Mukai Hirofumi, Arihiro Koji, Shimizu Chikako, Masuda Norikazu, Miyagi Yumi, Yamaguchi Takeshi, Yoshida Takashi

机构信息

Division of Breast and Medical Oncology, National Cancer Center Hospital East, 6-5-1, Kashiwanoha, Kashiwa-shi, Chiba, 277-8577, Japan.

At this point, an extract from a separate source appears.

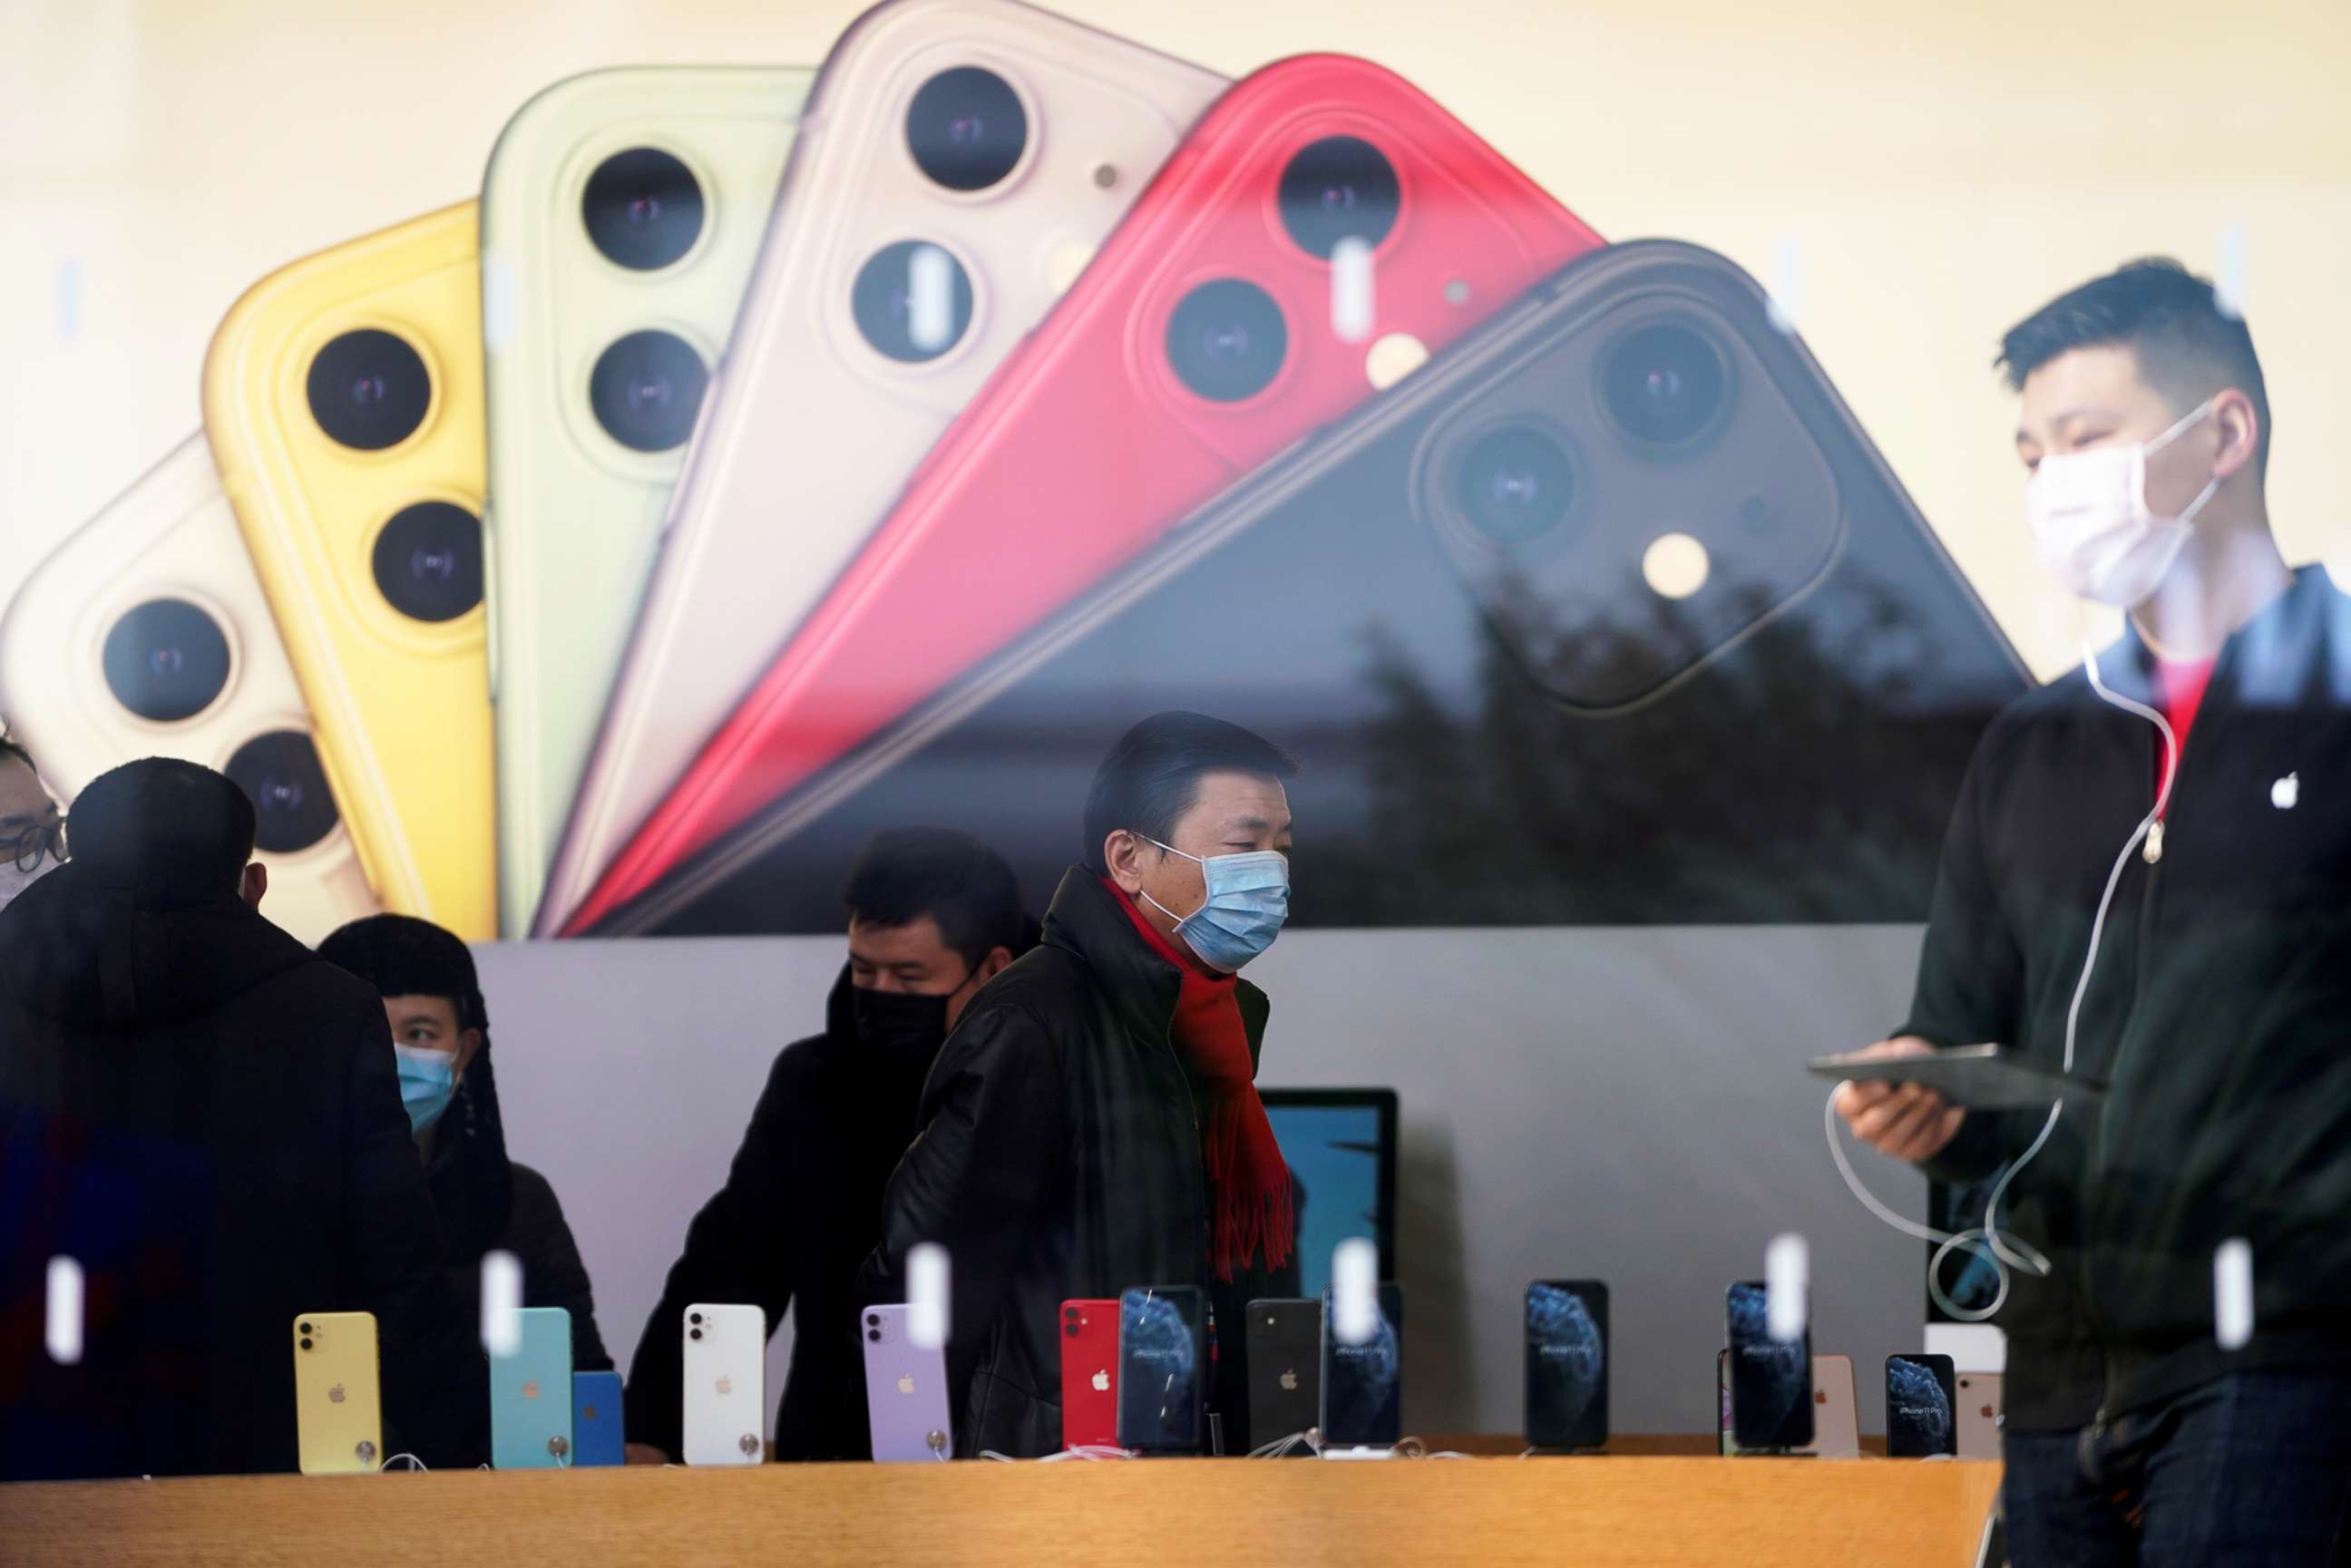 PHOTO: People wearing protective masks are seen in an Apple Store, as China is hit by an outbreak of the new coronavirus, in Shanghai, Jan. 29, 2020.

Department of Anatomical Pathology, Hiroshima University Hospital, Hiroshima, Japan.

出版信息

Breast Cancer. 2016 Jan;23(1):73-77. doi: 10.1007/s12282-015-0640-9. Epub 2015 Sep 30.

Abstract

BACKGROUNDS

Neoadjuvant chemotherapy (NAC) is one of the standard treatment for patients with operable and locally advanced breast cancer. Pathological response after NAC has been assessed according to the Japanese Breast Cancer Society (JBCS) classification in Japan. This classification that was first established in 1998 and revised in 2007 has been used in routine clinical practice in Japan. In the present study, we investigated whether the assessment of pathological response according to this classification could stratify the long-term outcome of patients with breast cancer.

METHODS

Patients with breast cancer who had received neoadjuvant chemotherapy between January 2003 and December 2005 in 6 hospitals participating in this study were identified. Patients whose response was judged to be Grade 2 was reassessed into Grades 2a and 2b according to the updated JBCS classification revised in 2007. Then, the association of pathological response and recurrence-free survival (RFS) was analyzed.

RESULTS

635 patients received NAC and 154 relapses (24 %) were observed during a median follow-up of 41.5 months (range 4.2-69.5 months). There was a statistically significant difference in RFS among each pathological response. 5-year RFS of patients with Grade 3 without residual ductal carcinoma in situ was 94 %. 5-year RFS were 88 % in Grade 3, 95 % in Grade 2b, 80 % in Grade 2a, 73 % in Grade 1b, 67 % in Grade 1a, 59 % in Grade 0, respectively.

CONCLUSIONS

An outcome could be stratified by assessing tumor burden following NAC according to the JBCS classification.

摘要

背景

新辅助化疗(NAC)是可手术及局部晚期乳腺癌患者的标准治疗方法之一。在日本,NAC后的病理反应是根据日本乳腺癌学会(JBCS)分类进行评估的。该分类于1998年首次制定,并于2007年修订,已在日本的常规临床实践中使用。在本研究中,我们调查了根据该分类评估病理反应是否可以对乳腺癌患者的长期预后进行分层。

方法

确定了2003年1月至2005年12月期间在参与本研究的6家医院接受新辅助化疗的乳腺癌患者。根据2007年修订的最新JBCS分类,将反应被判定为2级的患者重新评估为2a级和2b级。然后,分析病理反应与无复发生存期(RFS)的关联。

结果

635例患者接受了NAC,在中位随访41.5个月(范围4.2 - 69.5个月)期间观察到154例复发(24%)。各病理反应之间的RFS存在统计学显著差异。3级且无残留导管原位癌患者的5年RFS为94%。3级患者的5年RFS分别为88%,2b级为95%,2a级为80%,1b级为73%,1a级为67%,0级为59%。

结论

根据JBCS分类评估NAC后的肿瘤负荷可以对预后进行分层。